Call centers can generate a lot of data, but it’s useless unless companies are willing to measure the right data and act on it, according to Domo CEO Steve Wellen.

“Ten years ago, no one wanted to call your customer service number. Contact centers existed out of necessity, but deriving real value from them was tedious,” Wellen wrote in a company blog post.

He pointed to companies like the Amazon-owned Zappos where customers actually stayed on the line because they wanted to, not just because they were put on hold.

These days, just about every interaction a customer service agent has with a caller is measured and captured. With large call centers, the sheer volume of data that agents generate can prevent a company from taking effective action with it. All of the metrics can lead to “data overload.

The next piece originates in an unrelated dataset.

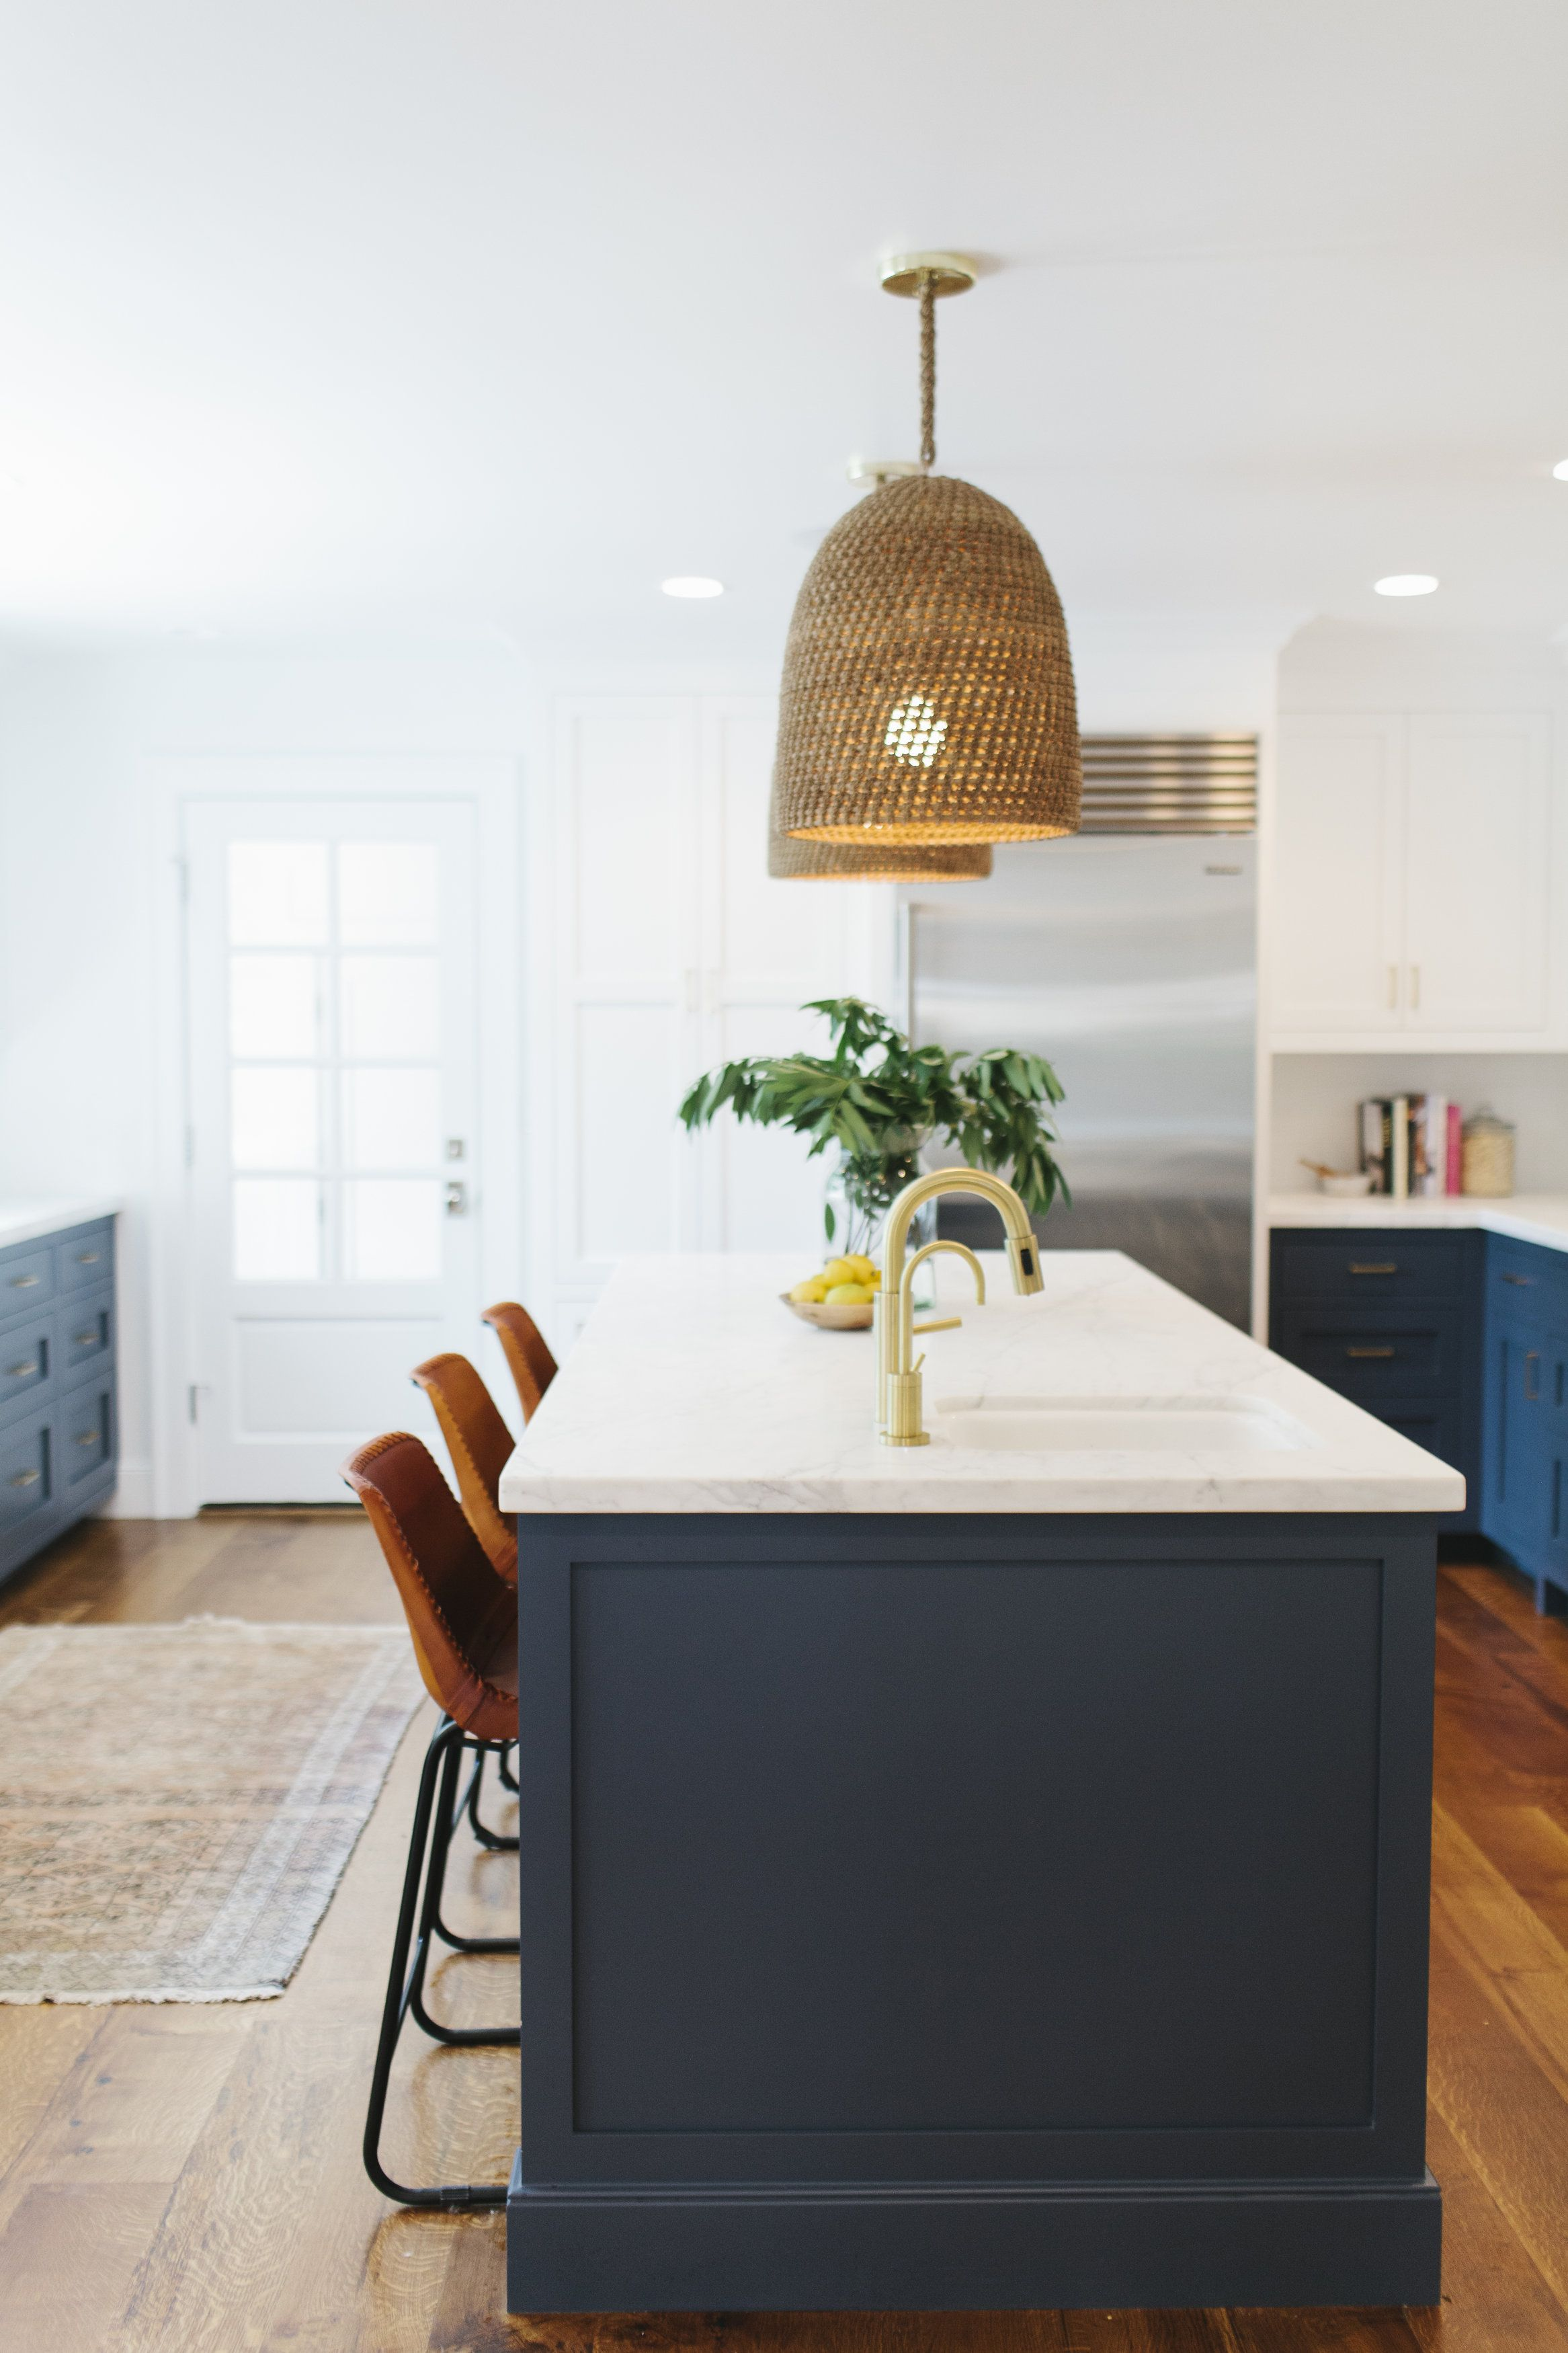 Lynwood Remodel: Kitchen | Studio mcgee, Stools and Hardware

For Wellen, this is where a little planning before implementing call center analytics can go a long way.

He proposes that businesses consider three steps before implementing data methods. First they should have clear business goals. Second, they should have clear strategies and actions that will help them achieve these goals. Finally, they should choose the right metrics that show incremental progress toward their goals.

“The process sounds simple—even simplistic. But it’s the small steps that help you keep your data in perspective and drive real value,” Wellen wrote. “These steps help you make better decisions about which data sources you need in order to measure real impact. Once you narrow down your data, you can amplify the impact that it has on your organization.”

The next step for Wellen is getting the data to the right people so they can take action. He’s not exactly unbiased, as his company depends on visualizing data. He still pointed out that customer service representatives need data as much as managers to do their jobs effectively.